Russel: What are some kinds of coatings? Maybe talk a little bit about the history first. I love to hear the history of this stuff. You’ve been doing this for 50 years. You’ve got a lot of the history in your own personal experience.
Bob: Yeah, I do, and these coatings, this all precedes my life. It goes on beyond that, too. It really started in the 1920s, because prior to that, there was no…even throughout World War II.. there were no requirements to have pipeline coatings on buried pipelines.
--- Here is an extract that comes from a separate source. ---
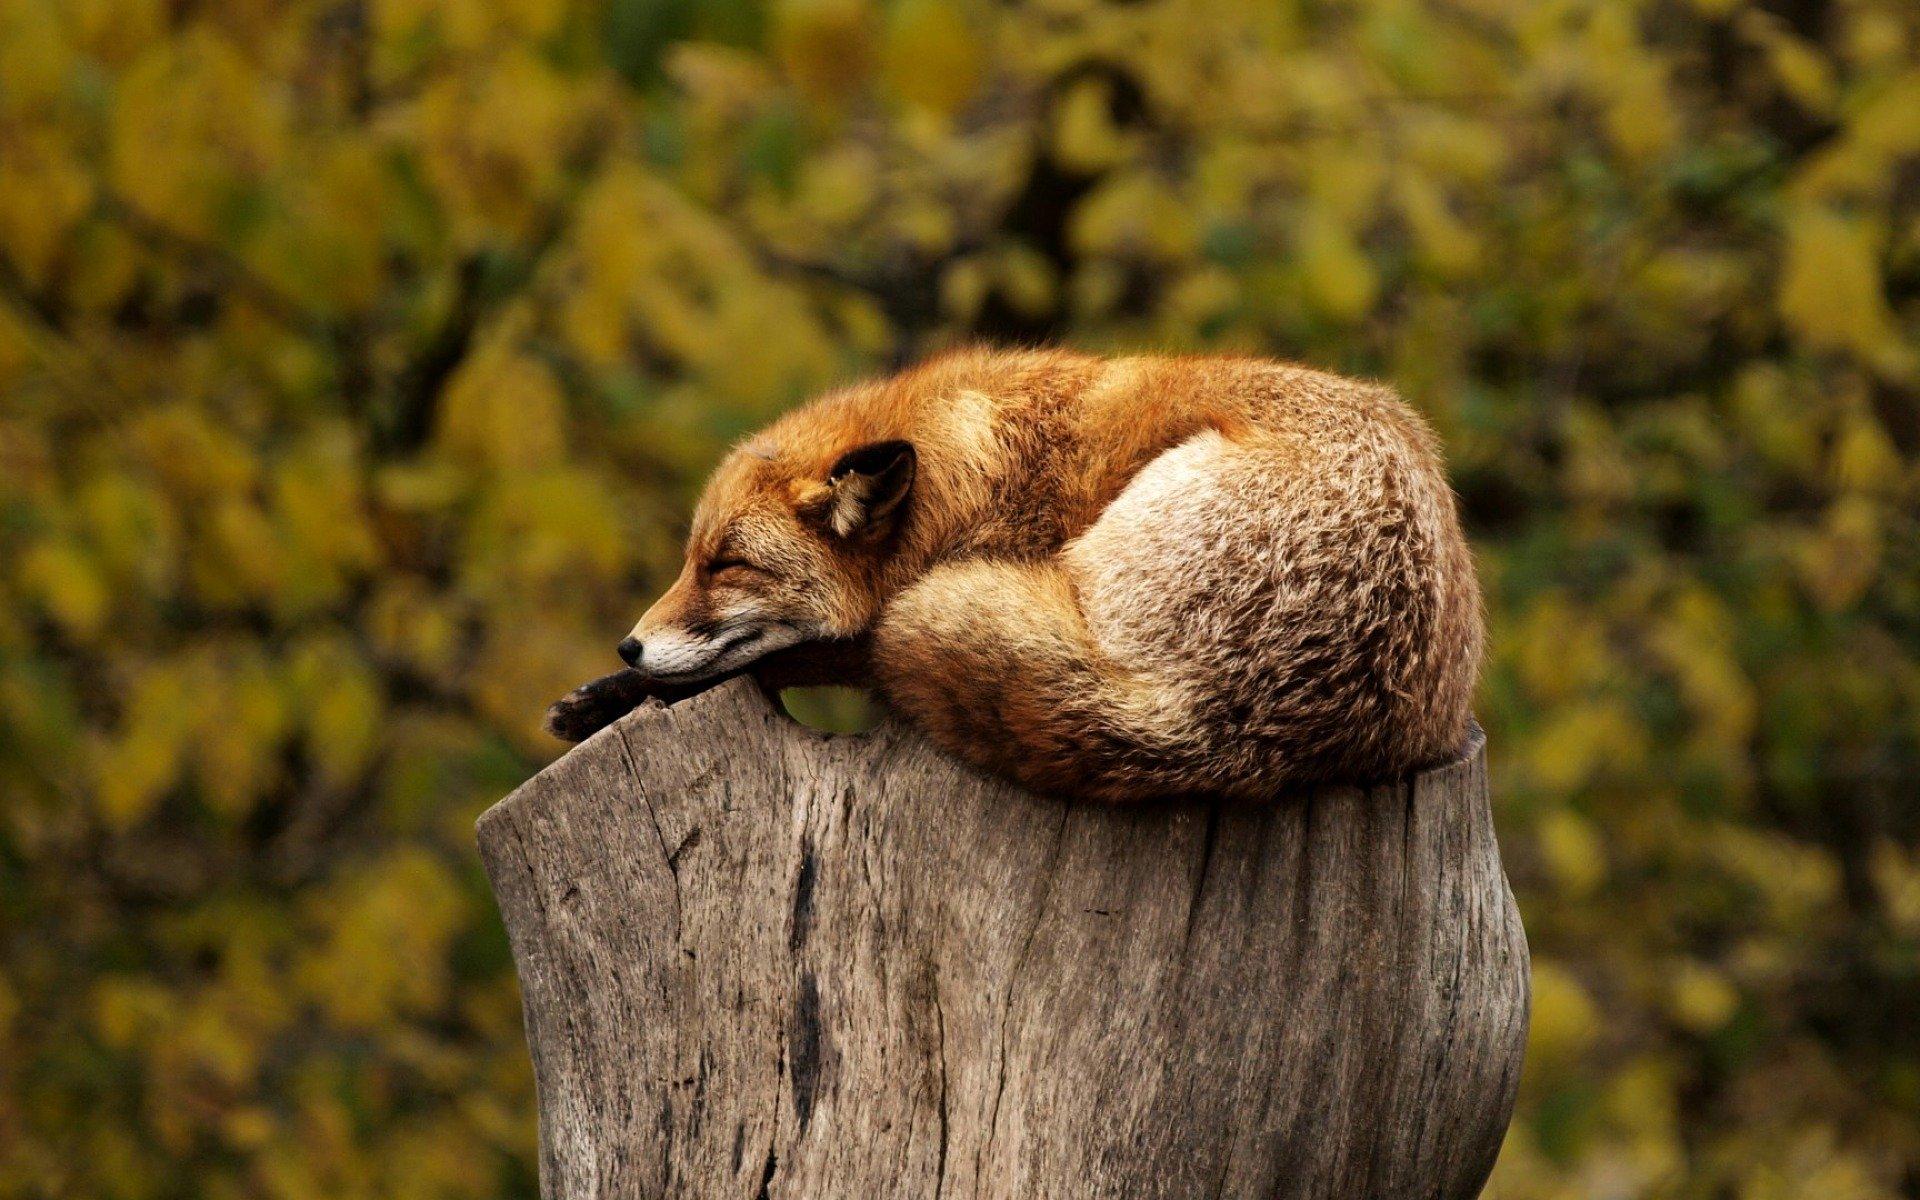 Einschlaftipps Titelbild: Schlafender Fuchs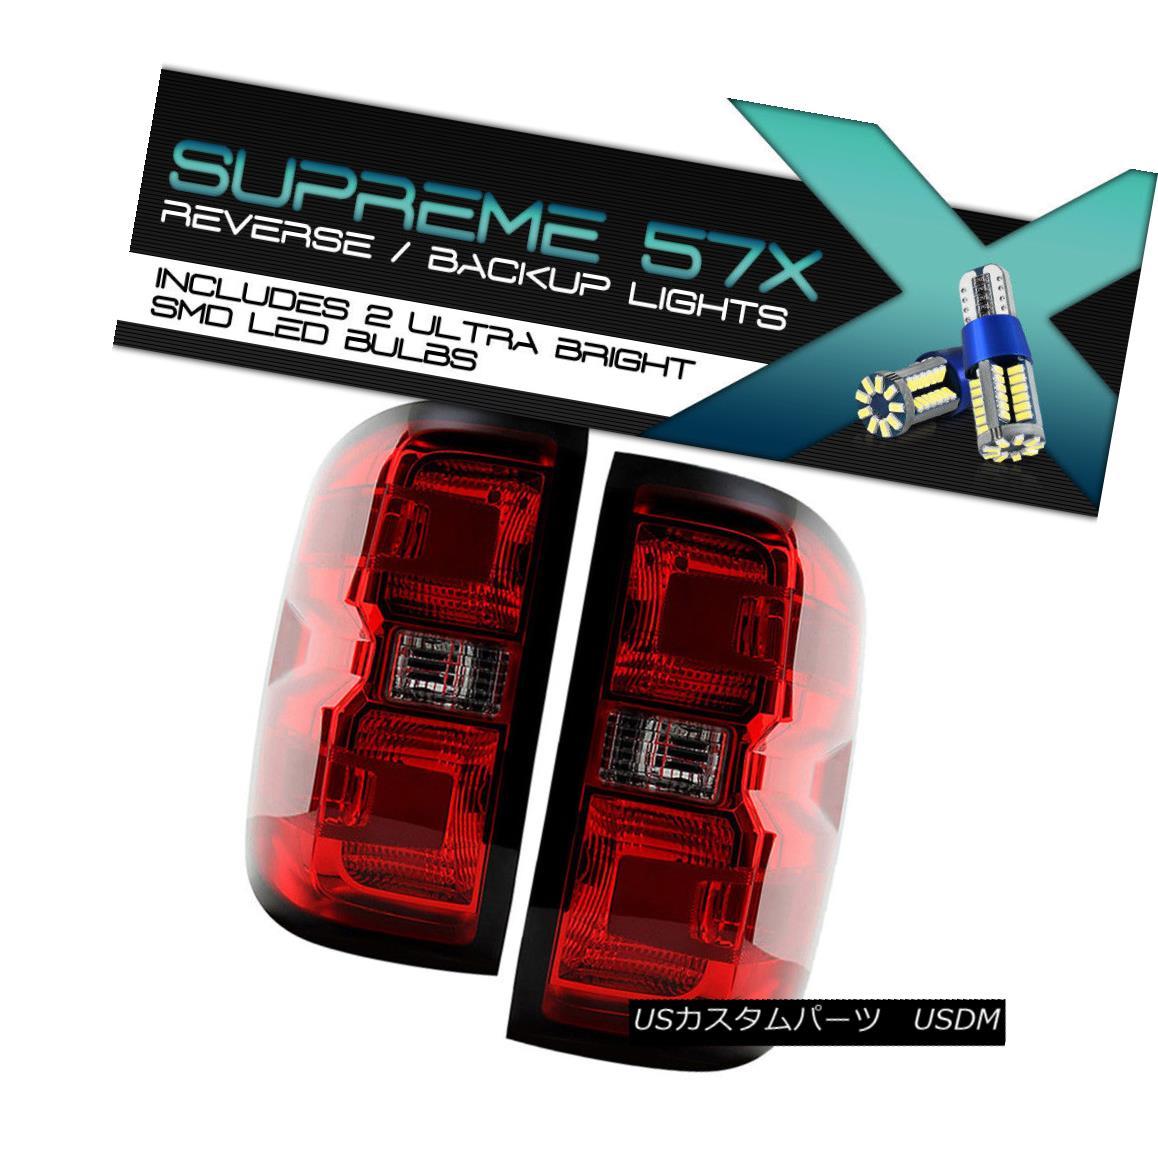 テールライト {360 DEGREE SMD BACKUP} 2014-2018 Silverado 1500 2500 Taillights Wiring Harness {360°SMD BACKUP} 2014-2018 Silverado 1500 2500ティアライトハーネス

There were no standards. There weren’t any guidelines. Starting with the 1940s, coal tar enamel became the standard. That consisted of applying a hot coal tar pitch, with reinforcement layers, which is a felt. At the time earlier, it used to be asbestos fibers. Now, that’s been replaced by glass fibers.
There’s two layers of reinforcement. As a result, this coal tar enamel was a very thick coating. It’s like 3/16ths to a quarter of an inch thick. It’s a glasslike, very hard coating. In fact, the job that you mentioned we were working on together, some of their pipelines that go submerged underwater have this coating on them.
They’ve been in service for 65 years, and there’s history of that coal tar enamel coating even in other water reclamation products at the Department of the Interior and all that at 80 years life. Fantastic life.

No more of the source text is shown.